Pseudo-labelling meets Label Smoothing for Noisy Partial Label Learning

Darshana Saravanan,Naresh Manwani,Vineet Gandhi
2024-05-28
Abstract:Partial label learning (PLL) is a weakly-supervised learning paradigm where each training instance is paired with a set of candidate labels (partial label), one of which is the true label. Noisy PLL (NPLL) relaxes this constraint by allowing some partial labels to not contain the true label, enhancing the practicality of the problem. Our work centres on NPLL and presents a minimalistic framework that initially assigns pseudo-labels to images by exploiting the noisy partial labels through a weighted nearest neighbour algorithm. These pseudo-label and image pairs are then used to train a deep neural network classifier with label smoothing. The classifier's features and predictions are subsequently employed to refine and enhance the accuracy of pseudo-labels. We perform thorough experiments on seven datasets and compare against nine NPLL and PLL methods. We achieve state-of-the-art results in all studied settings from the prior literature, obtaining substantial gains in fine-grained classification and extreme noise scenarios. Further, we show the promising generalisation capability of our framework in realistic crowd-sourced datasets.
Computer Vision and Pattern Recognition,Machine Learning
What problem does this paper attempt to address?
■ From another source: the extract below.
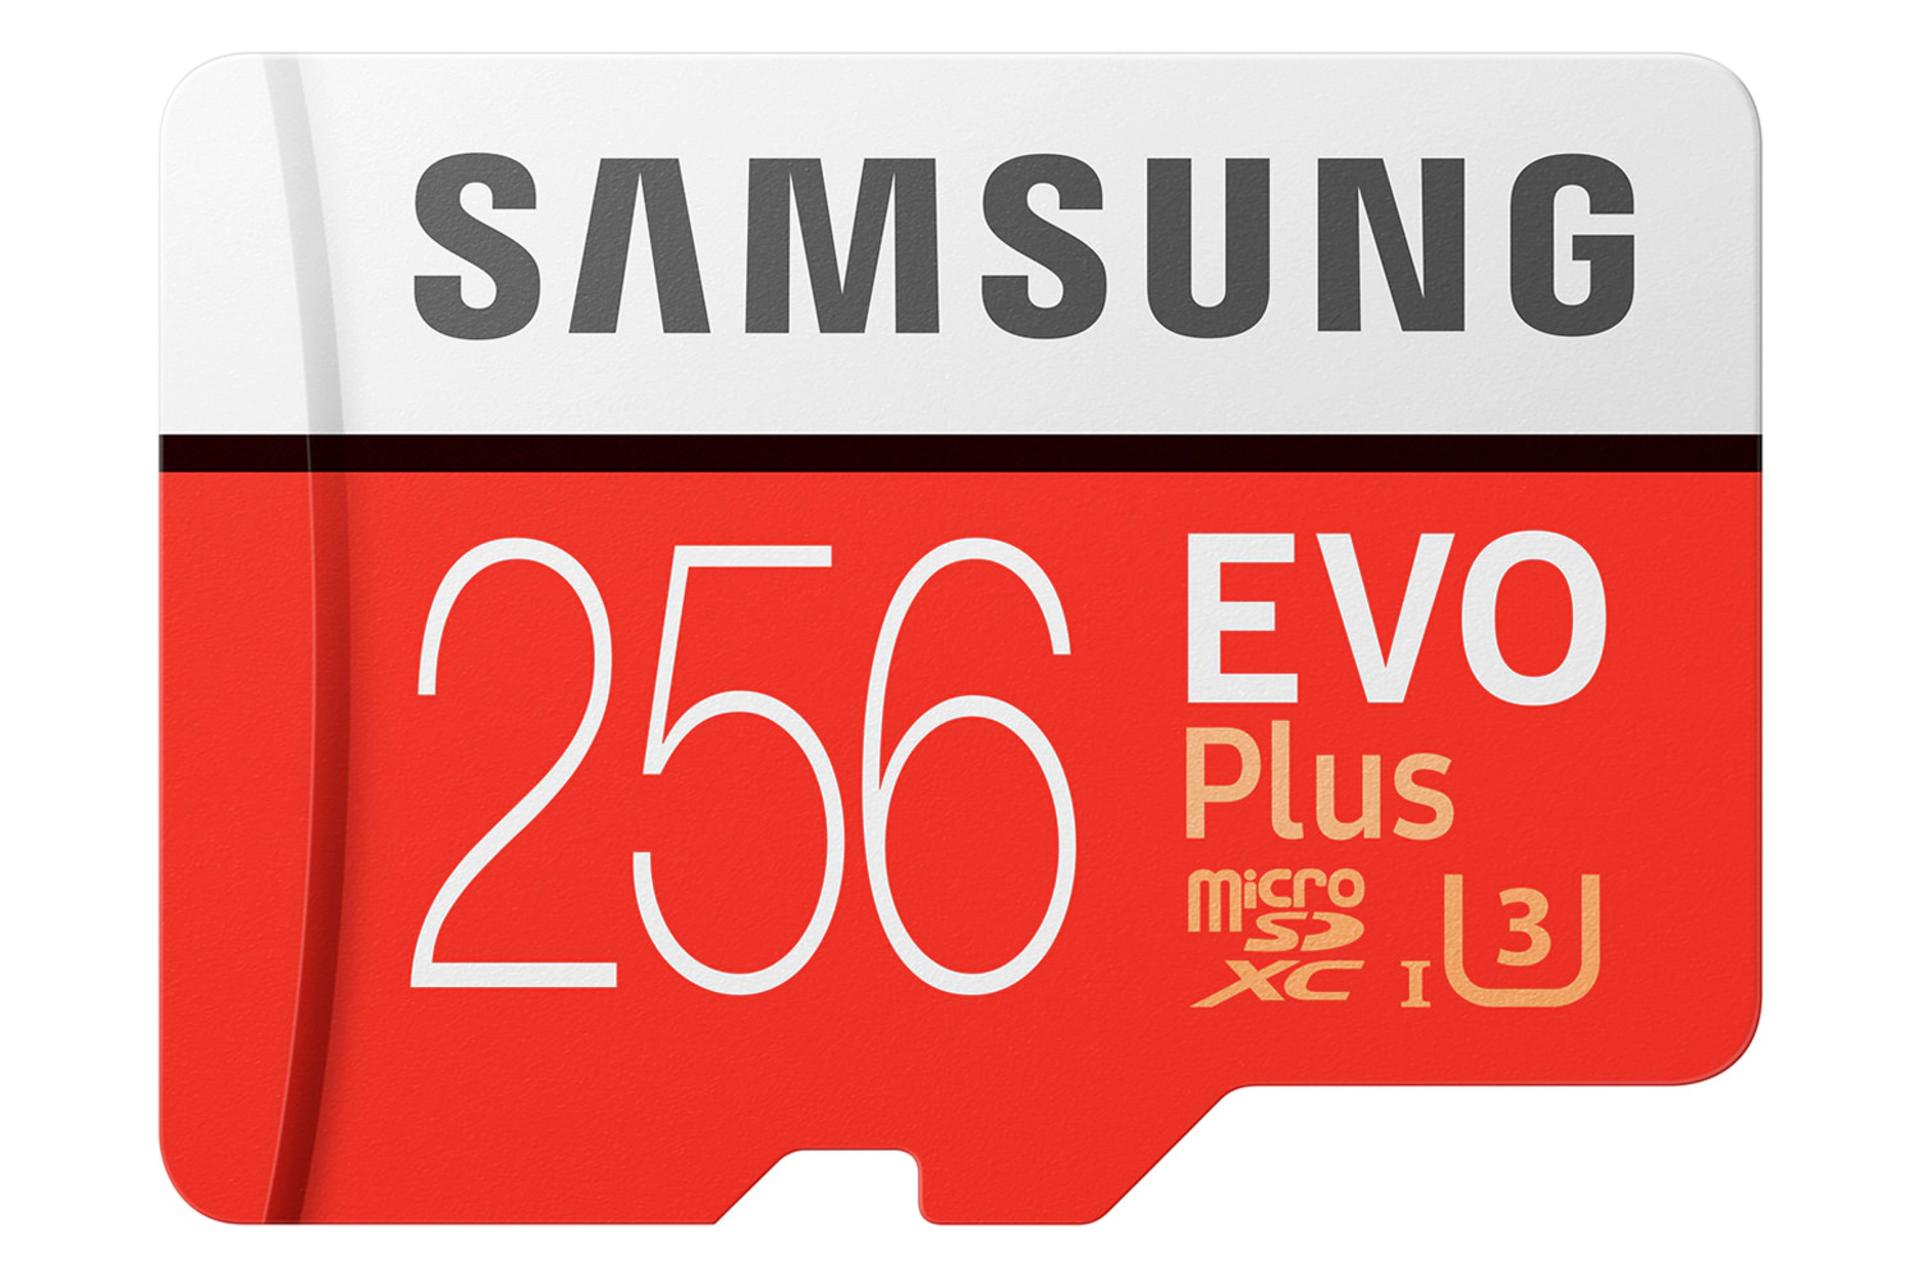 مرجع متخصصين ايران مموري كارت سامسونگ microSDXC با ظرفيت 256 گيگابايت مدل Evo Plus كلاس 10

### Problems Addressed by the Paper The paper primarily addresses the issue of **Noisy Partial Label Learning (NPLL)**. Specifically: 1. **Partial Label Learning (PLL)**: In PLL, each training sample is associated with a set of candidate labels, one of which is the true label. This setup is common in crowdsourced datasets where annotators may label multiple possible labels when uncertain. 2. **Noisy Partial Label Learning (NPLL)**: NPLL further relaxes the constraints in PLL by allowing some partial labels to not include the true label, thereby enhancing practicality in real-world applications. Existing methods typically employ label disambiguation strategies and handle noise by detecting and mitigating noisy samples. However, these methods are prone to error propagation and require two-stage training, making it challenging to determine the length of the warm-up period. 3. **Proposed New Framework (PALS)**: The paper proposes a new framework called PALS (Pseudo-labelling And Label Smoothing), which combines pseudo-label generation and label smoothing techniques. PALS uses a weighted nearest neighbor algorithm to assign a pseudo-label to each image and trains the classifier using these pseudo-labels. Additionally, label smoothing enhances robustness against potential noise in the pseudo-labeling stage, ultimately improving classification accuracy through iterative refinement of feature representations. Through extensive experimental validation, PALS significantly outperforms nine existing NPLL and PLL methods across seven datasets, particularly excelling in fine-grained classification and high-noise scenarios. Furthermore, its performance on real-world crowdsourced datasets demonstrates PALS's strong generalization capability.